SARS-CoV-2 analysis pipeline for multiplex-PCR MPS(Massive Parrallel Sequencing) data.
This pipeline could accurately and efficiently identify SARS-CoV-2 reads from multiplex PCR sequencing data, and report the infection status of sequencing samples with positive/negative/uncertain label. The pipeline could also get the variant information such as SNP/INDEL and generate the consensus sequence.
May 11, 2020
- Adjust the min depth threshold of freebayes from 100 to 30
- Updated Cut_Multi_Primer.py to save more memory
- Fixed some errors in the HTML report
- Fixed a bug in consensus fasta
May 26, 2020
- Added 'SOAPnuke_param' in the json file,users users can now customize the parameters of SOAPnuke.
- Fixed a bug in consensus fasta,which cause an error during the generation of consensus sequence when there is an INDEL in vcf file.

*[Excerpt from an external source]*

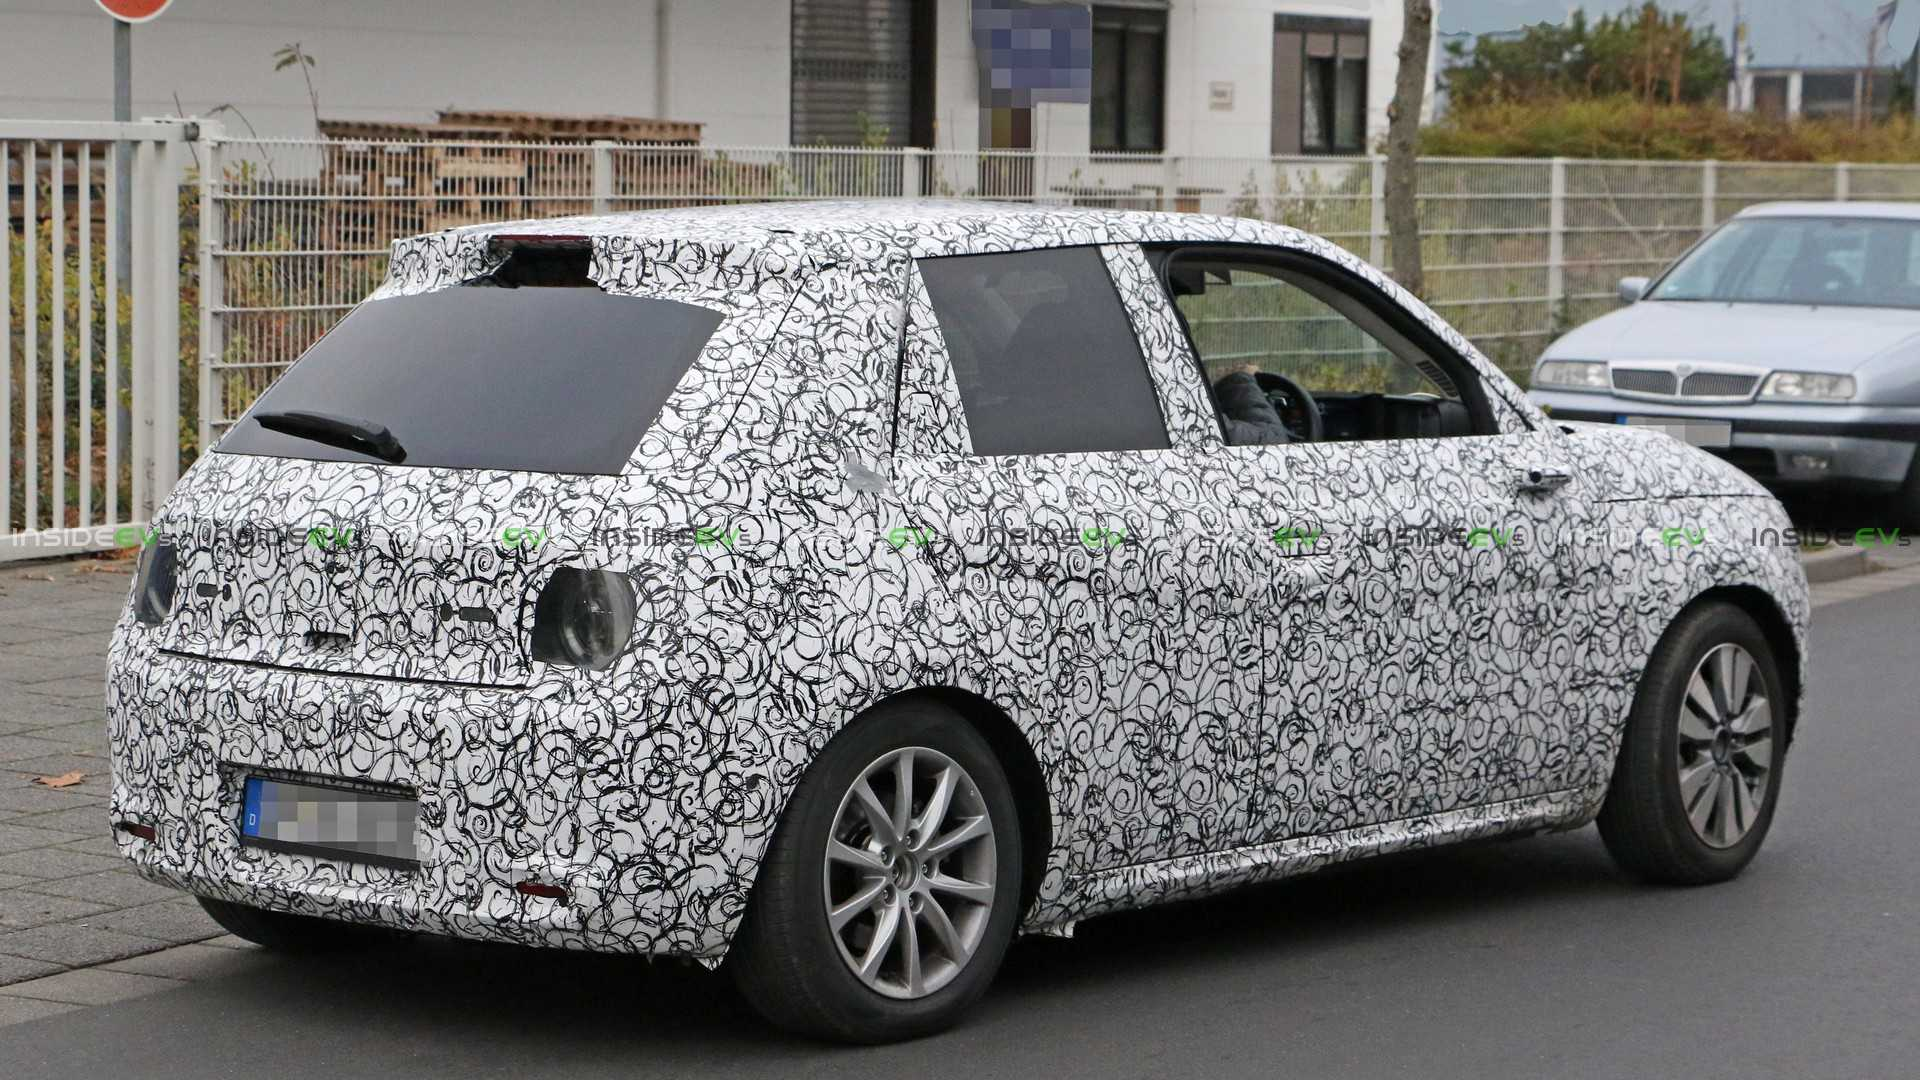 2020 Honda Urban Ev Is The Most Adorable Prototype We Ve Seen

- Fixed a bug in generate_rem_report.py,which caused Identification.txt to display abnormally in the HTML report.
Jun 2, 2020
- Fixed a bug in Windows.Depth.svg
Jun 8, 2020
- Prepared install.sh, users can install required software by running this script.
- Optimized Cut_Multi_Primer.py, this script only keeps virus reads now, which makes the primer cut step to run more efficiently.
Jun 24, 2020
- Fixed a bug in step6, we use zcat to read .gz files now.
Jul 14, 2020
- Fixed a bug in Cut_Multi_Primer.py
- One sample corresponds to multiple barcodes, pipeline will merge the fastq files.

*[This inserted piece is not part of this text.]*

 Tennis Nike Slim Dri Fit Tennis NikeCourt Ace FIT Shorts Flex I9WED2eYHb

- Add some statistical result in Identification.txt
Aug 21, 2020
- Apply variant annotation by snpEff
Feb 24, 2021
- Use bwa-mem instead of bwa-aln in alignment
- Update SARS-CoV-2 positive criteria: SARS-CoV-2 reads pct >= 0.1% AND (>= 1X Coverage ) >= 1%
- Update Freebayes version: v1.3.4
May 7, 2021
- Use variant annotation excel instead of VCF file in HTML report
- Optimized depth distribution SVG in HTML report.

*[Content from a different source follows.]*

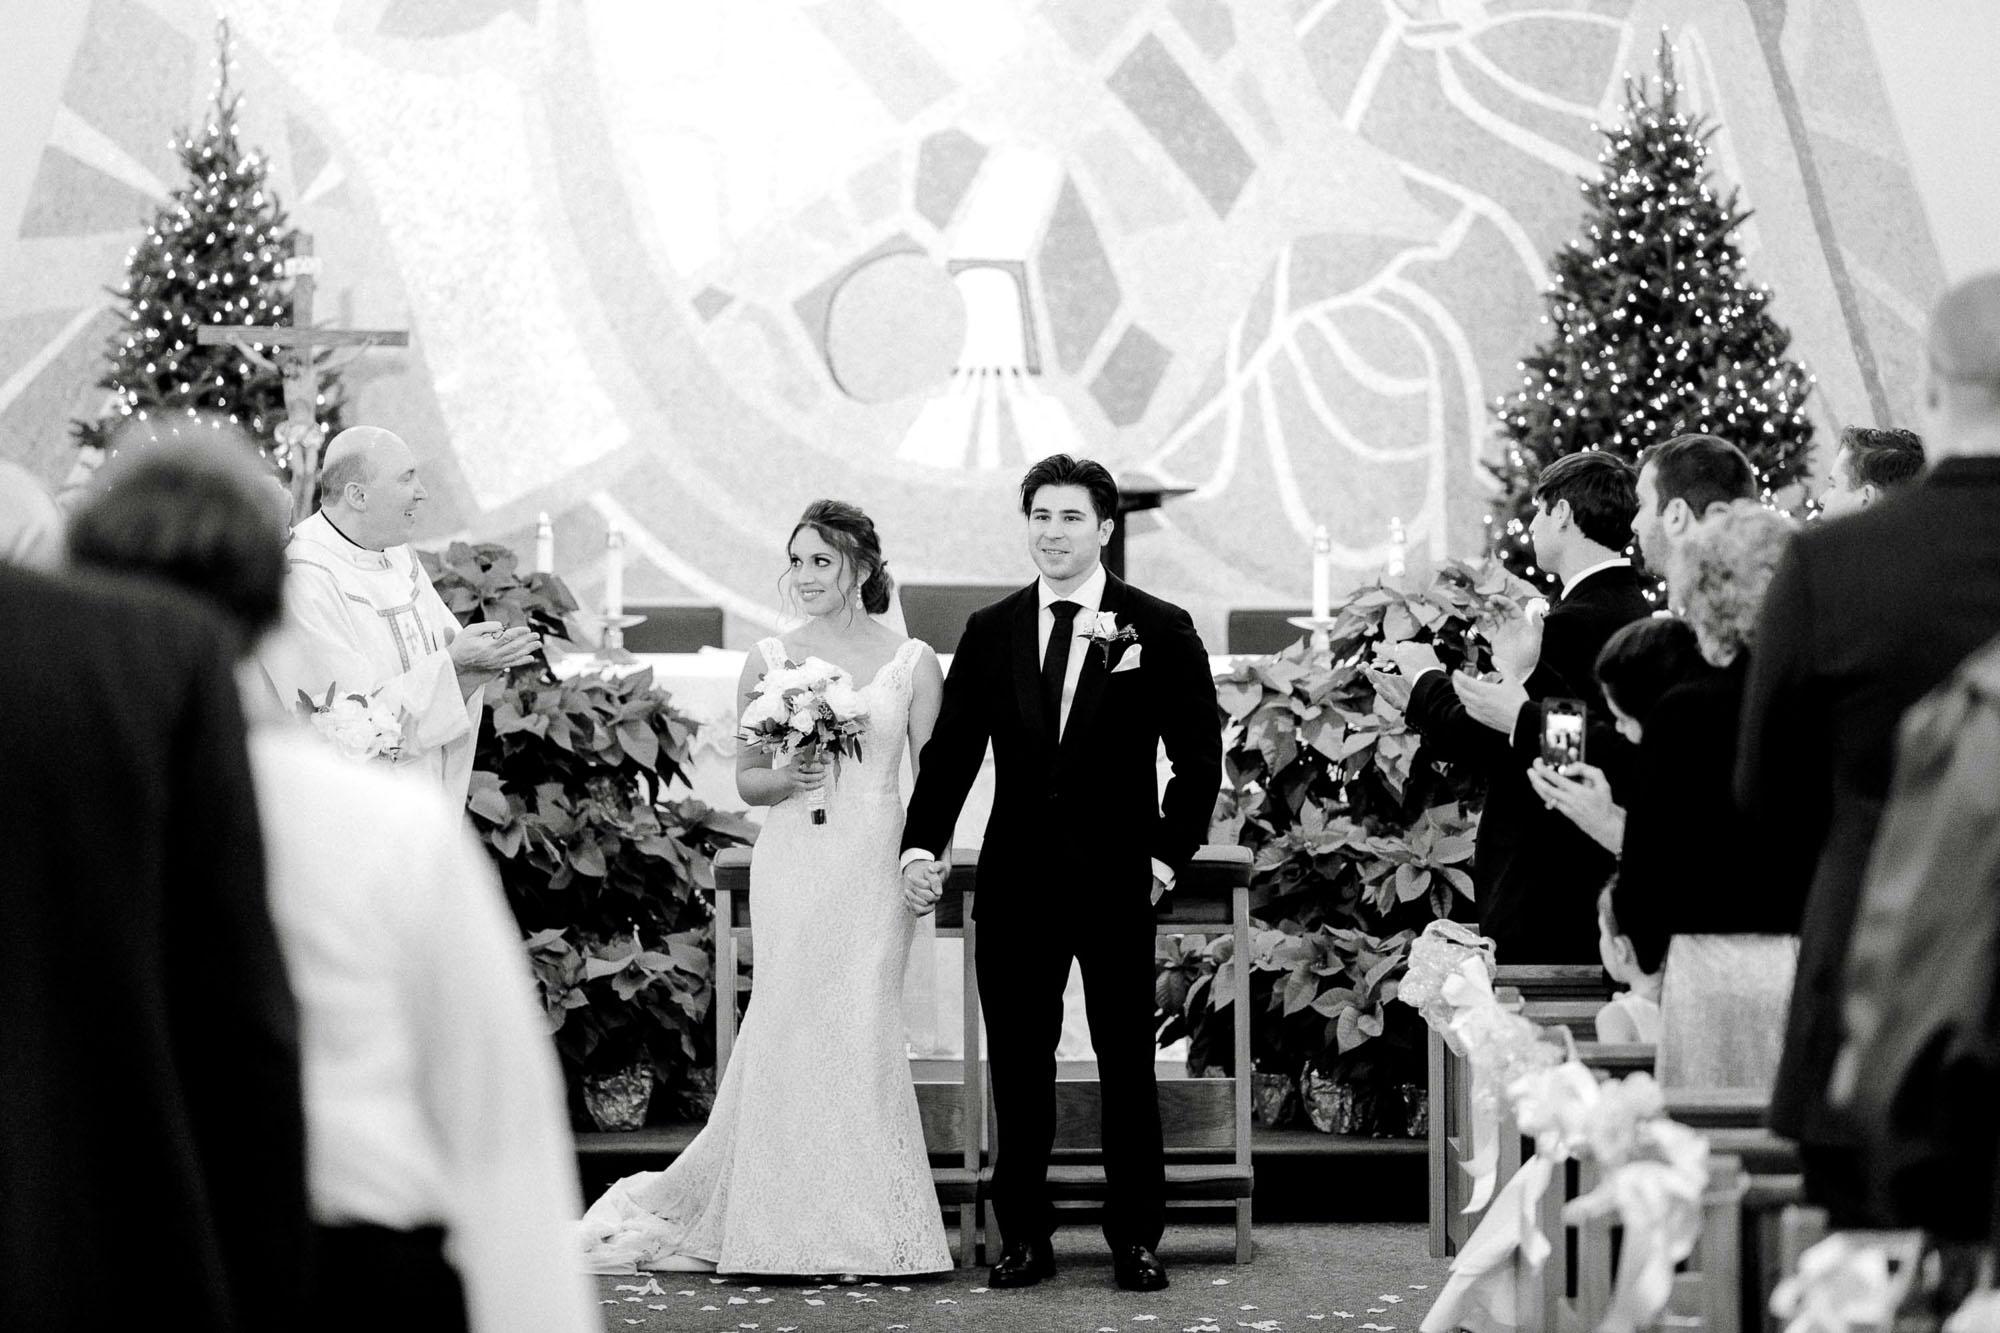 snowy-sand-springs-country-club-drums-pa-christmas-wedding-24498.jpg

- Mark the primer base quality as 0 instead of removing primer sequence
- Update primer sequence information
- Reduce software running time
- Upload a docker version of this software
Before running this pipeline, you need to make sure that several pieces of software and/or modules are installed on the system:
Perl: >=v5.22.0
Python: >=v3.4.3
R: >=v3.3.2
Library for Python3 and R:
- Python3: pysam,pandas,openpyxl
- R: Cairo
Softwares for data quality control:
- seqtk v1.2 (https://github.com/lh3/seqtk)
- SOAPnuke v1.5.6 (https://github.com/BGI-flexlab/SOAPnuke)
Software for alignment and bam file statistics:
- BWA v0.7.16 (https://github.com/lh3/bwa)
- Samtools v1.3 (https://github.com/samtools/samtools)
- bamdst v1.0.6 (https://github.com/shiquan/bamdst)
Software for variant calling:
- freebayes v1.3.0 (https://github.com/ekg/freebayes)
Other required softwares:
- bedtools v2.26.0 (https://bedtools.readthedocs.io/en/latest/)
- bcftools v1.6 (https://github.com/samtools/bcftools/)
- tabix v1.9 (https://github.com/samtools/tabix/)
- bgzip v1.9 (https://github.com/samtools/tabix/)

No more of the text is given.